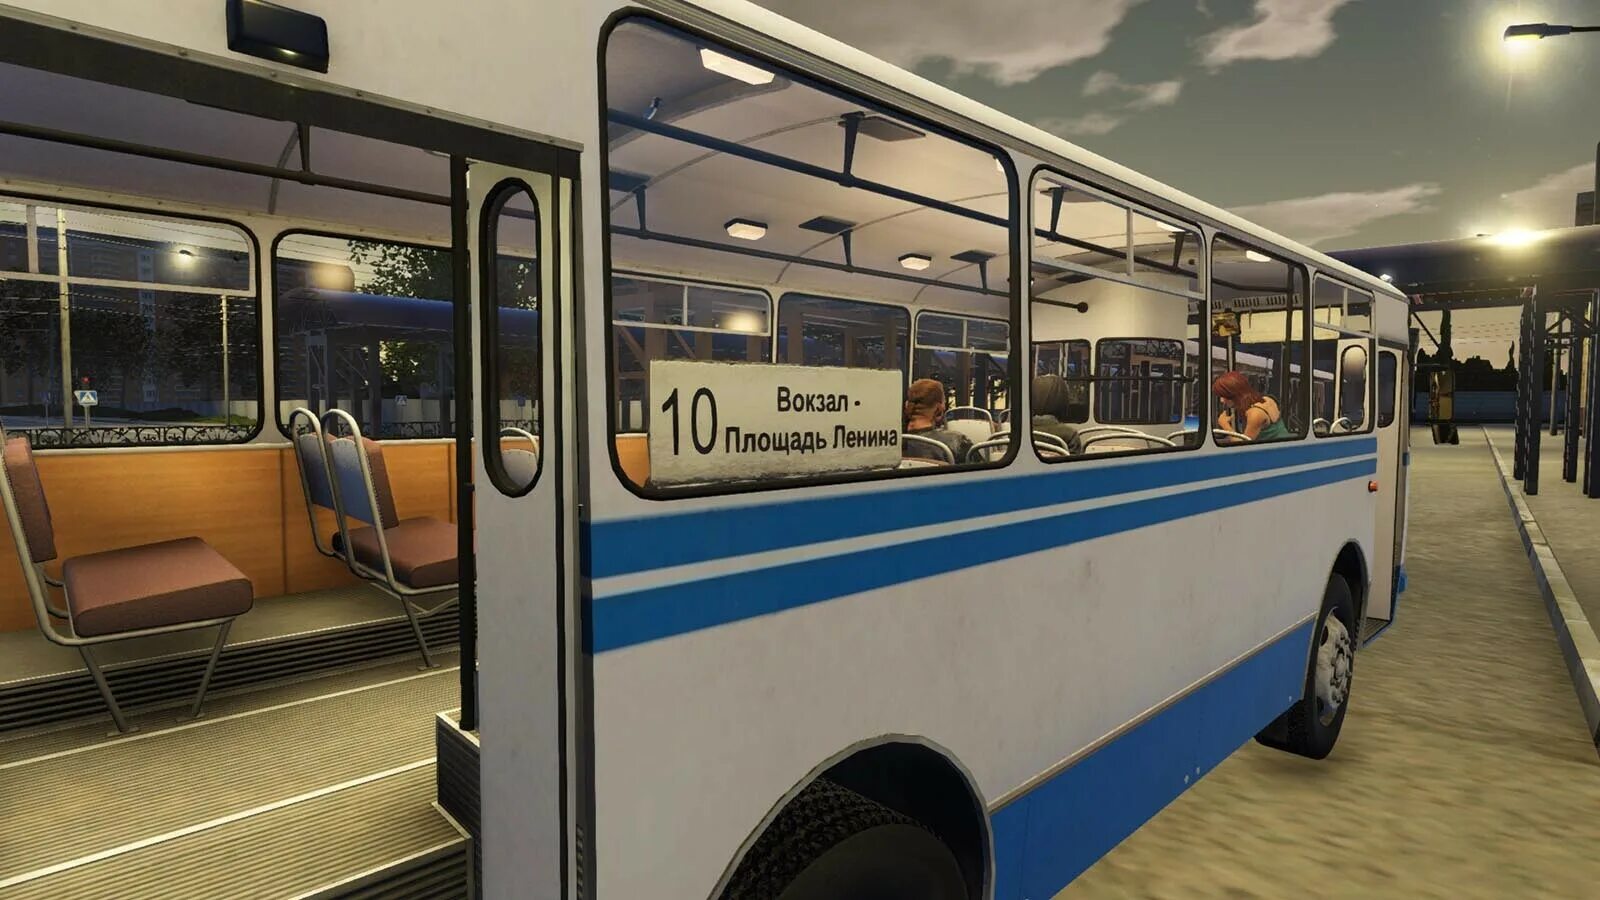 Bus Driver Simulator 2019 Серпухов. Bus Driver Simulator 19. Bus Driver Simulator 2019 автобусы. Бус драйвер симулятор 2019. Игры про симулятор автобуса
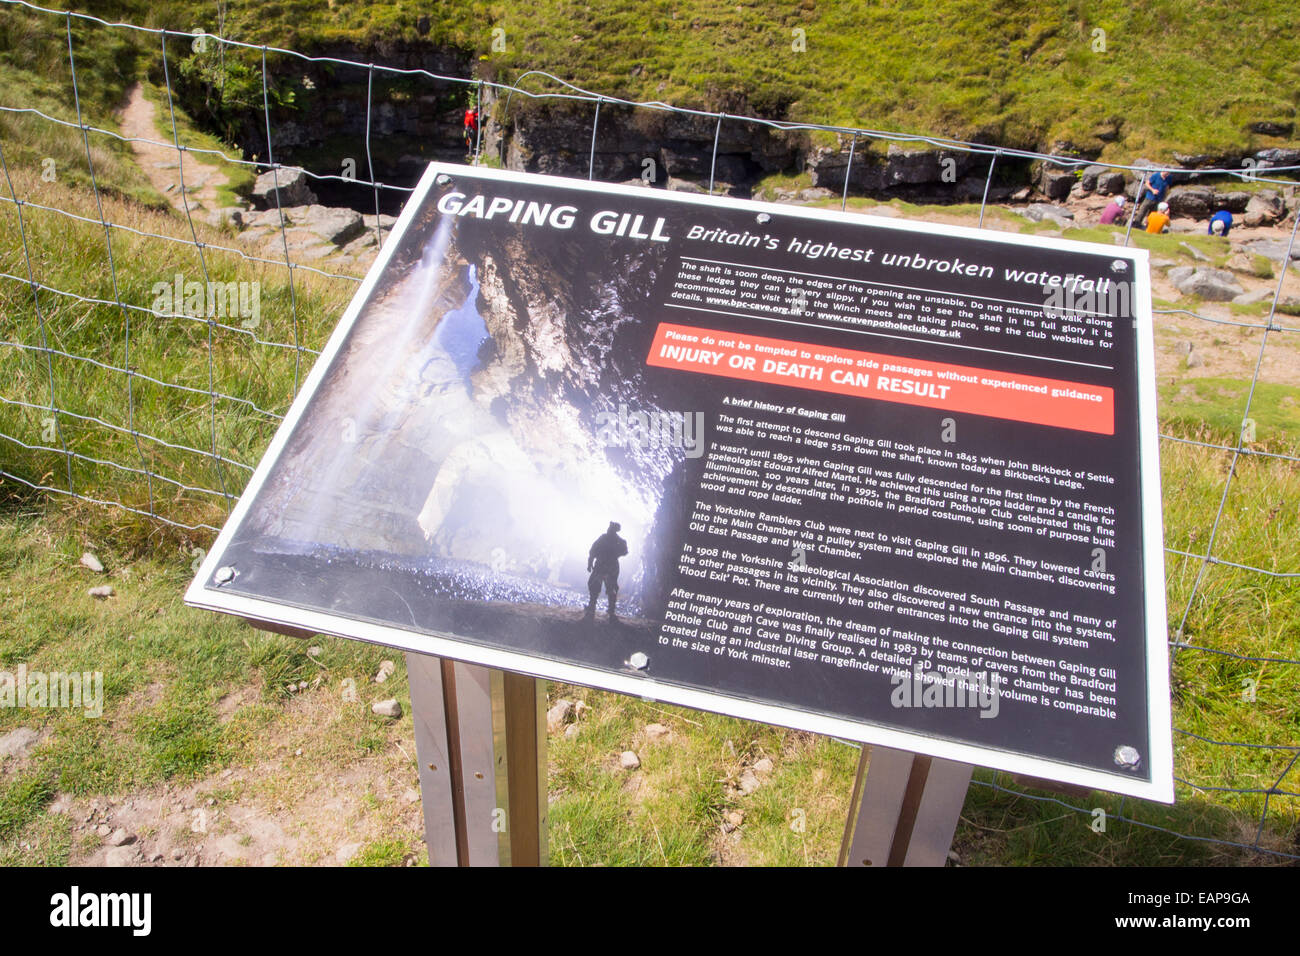 Il famoso schiusi Gill grotta sul Ingleborough nel Yorkshire Dales, UK. Esso presenta un enorme caverna e la discesa più lunga di qualsiasi cascata nel Regno Unito, a circa 300 metri. Foto Stock
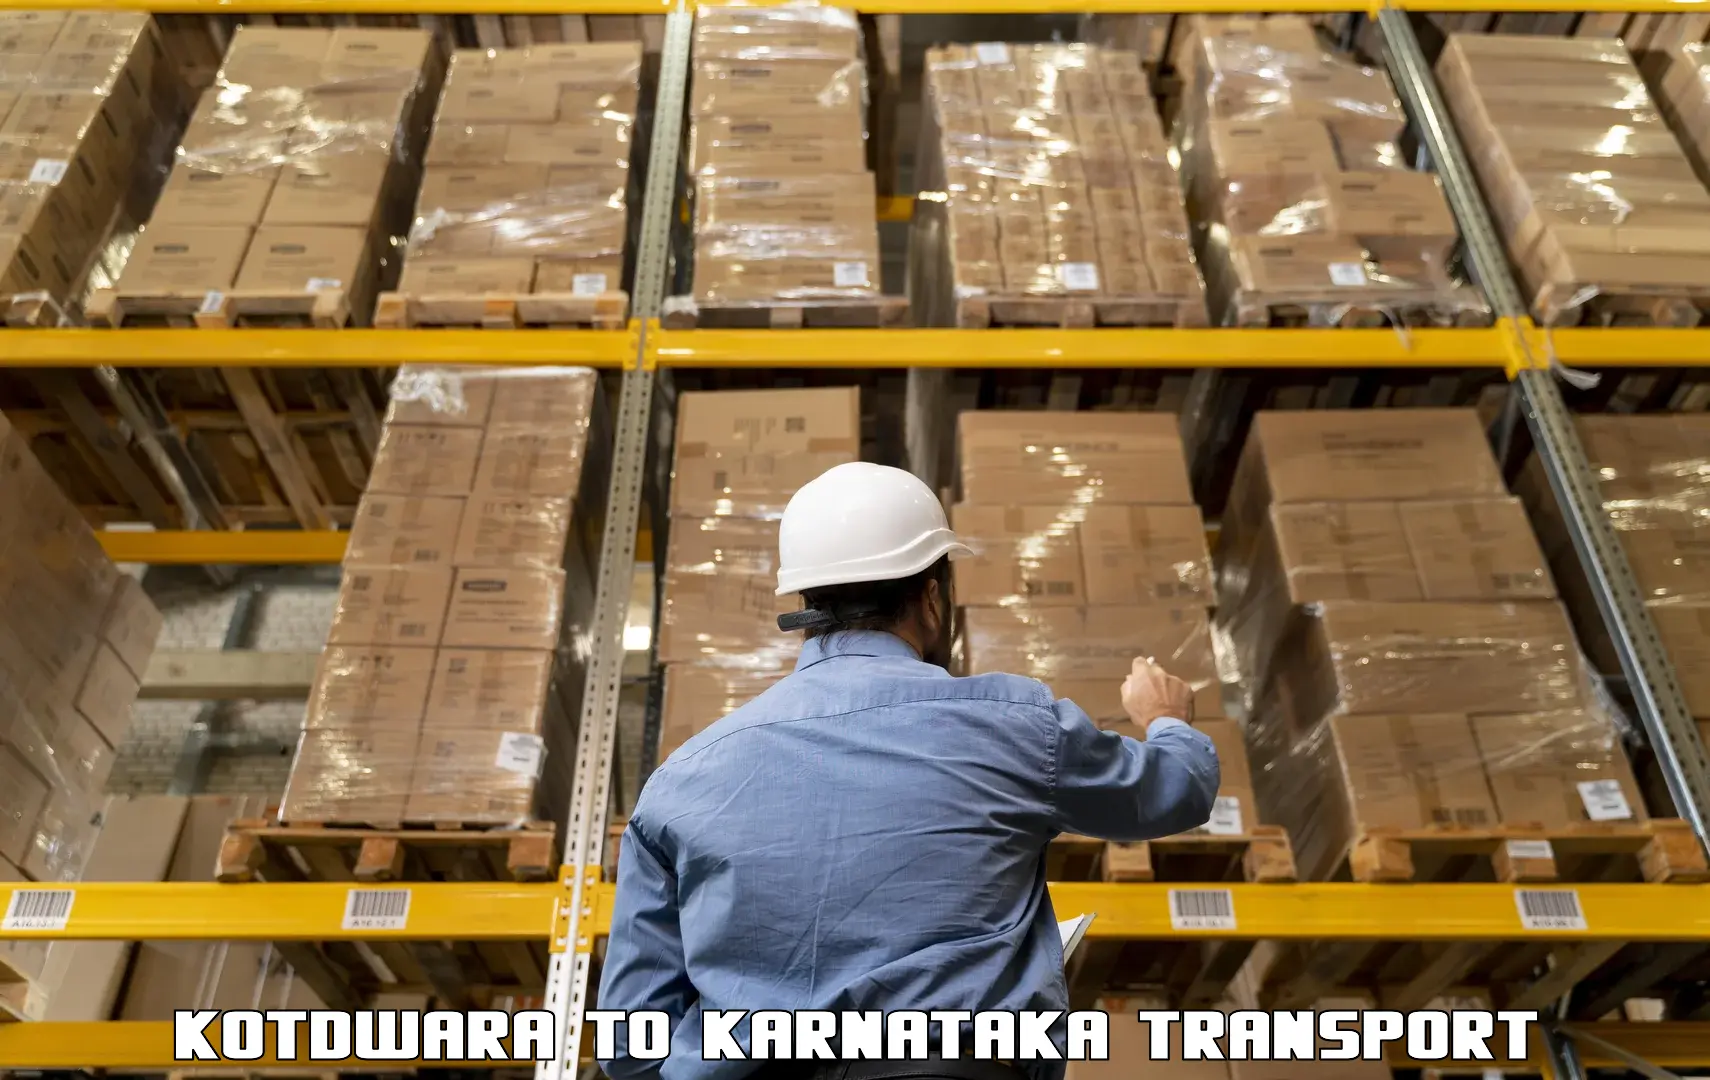 Lorry transport service Kotdwara to Yellare
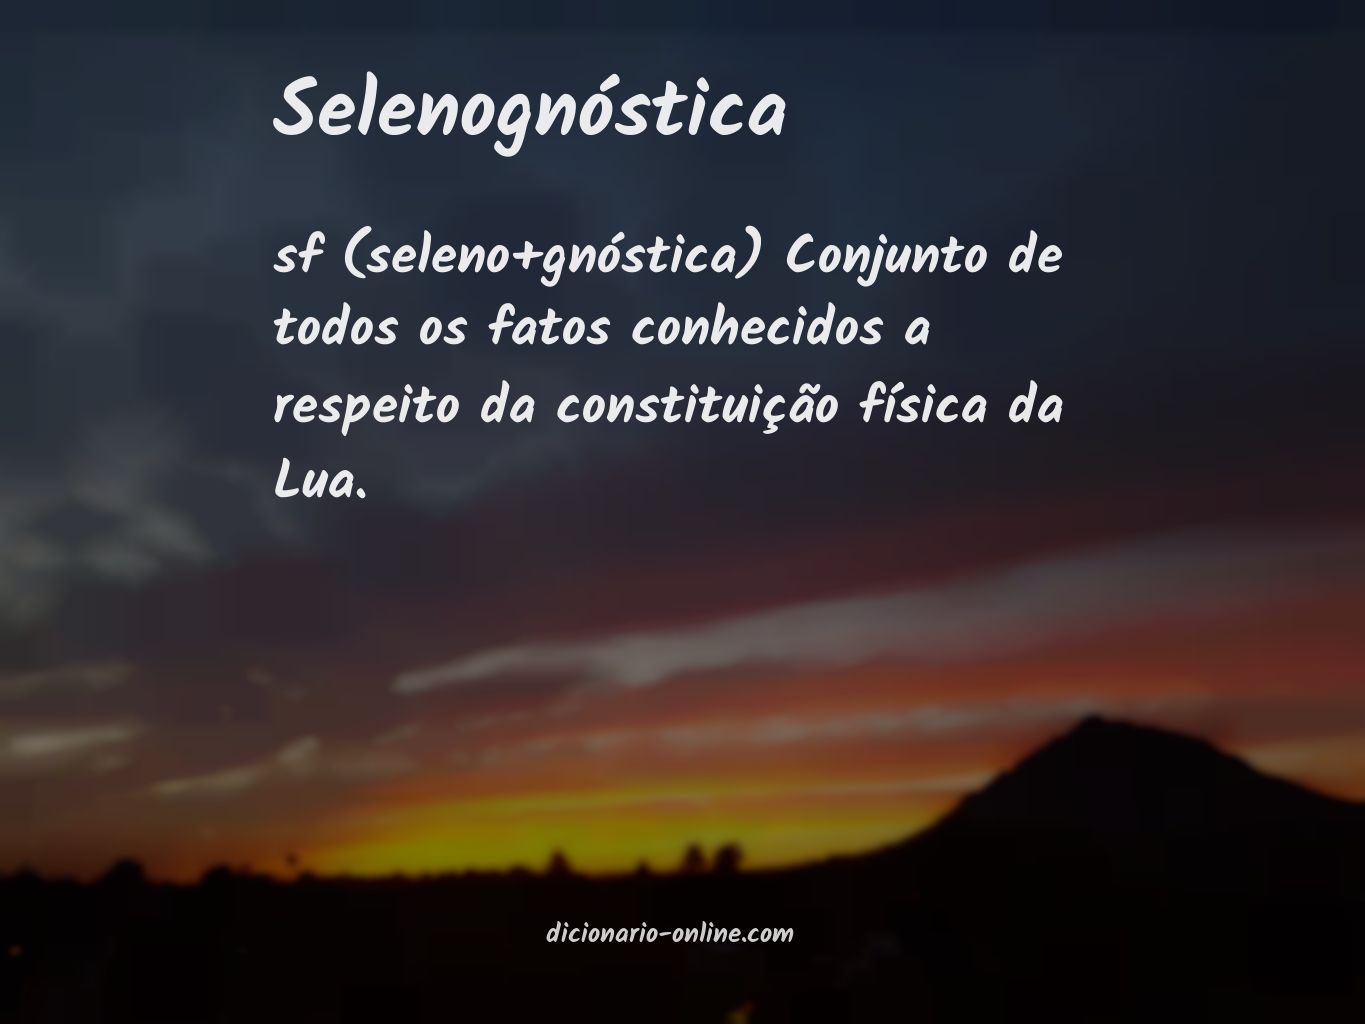 Significado de selenognóstica
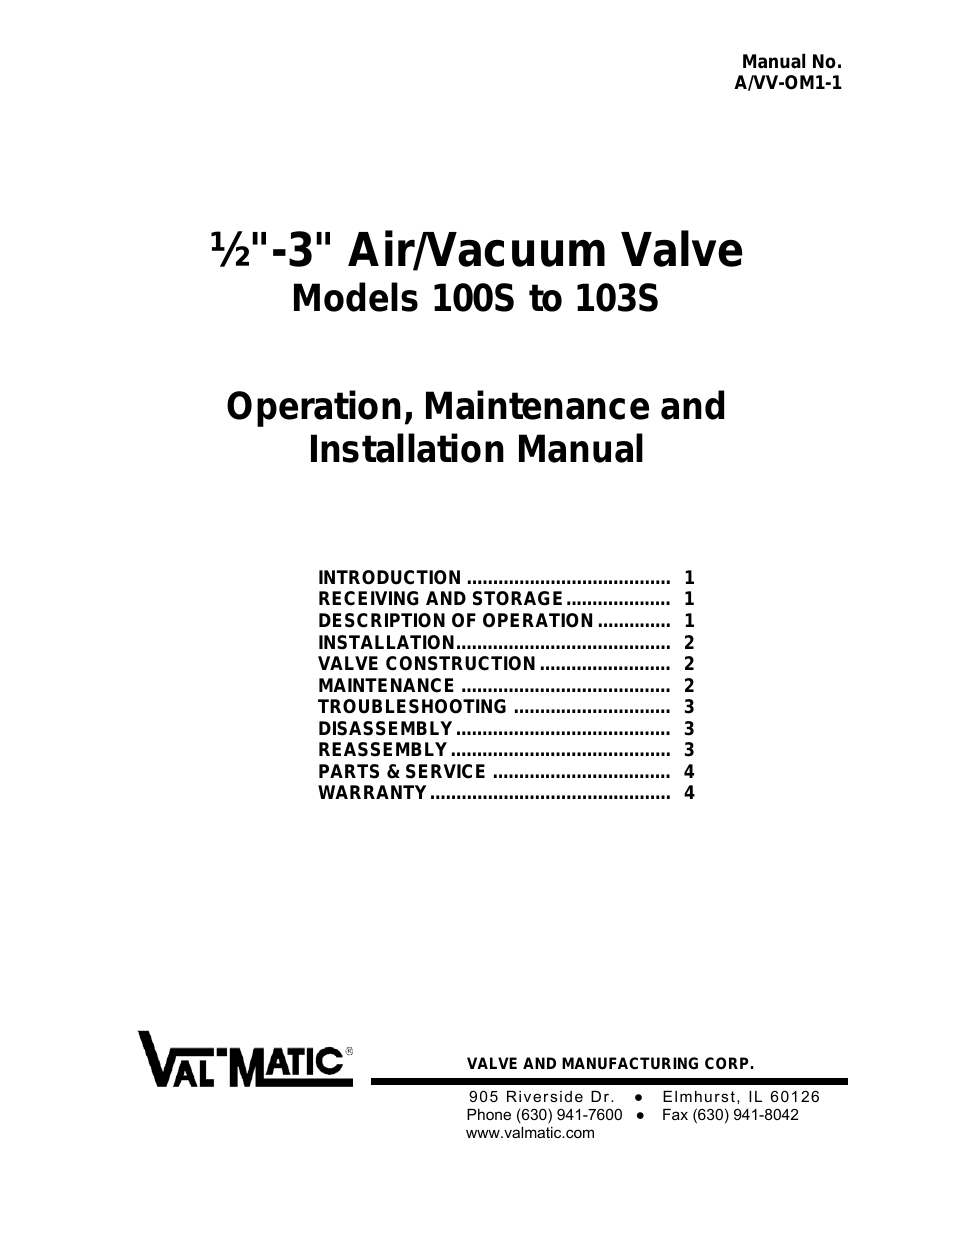 100S to 103S 1/2-3 Air/Vacuum Valve

....

# [What the task requires]
Nothing but the lines from the line containing "Lorry transport service Kotdwara to Yellare" through the end of the records belongs in the answer, written out exactly, both ends included, without pictures.

# [Task answer]
 Lorry transport service Kotdwara to Yellare
 Significado de selenognóstica
 100S to 103S 1/2-3 Air/Vacuum Valve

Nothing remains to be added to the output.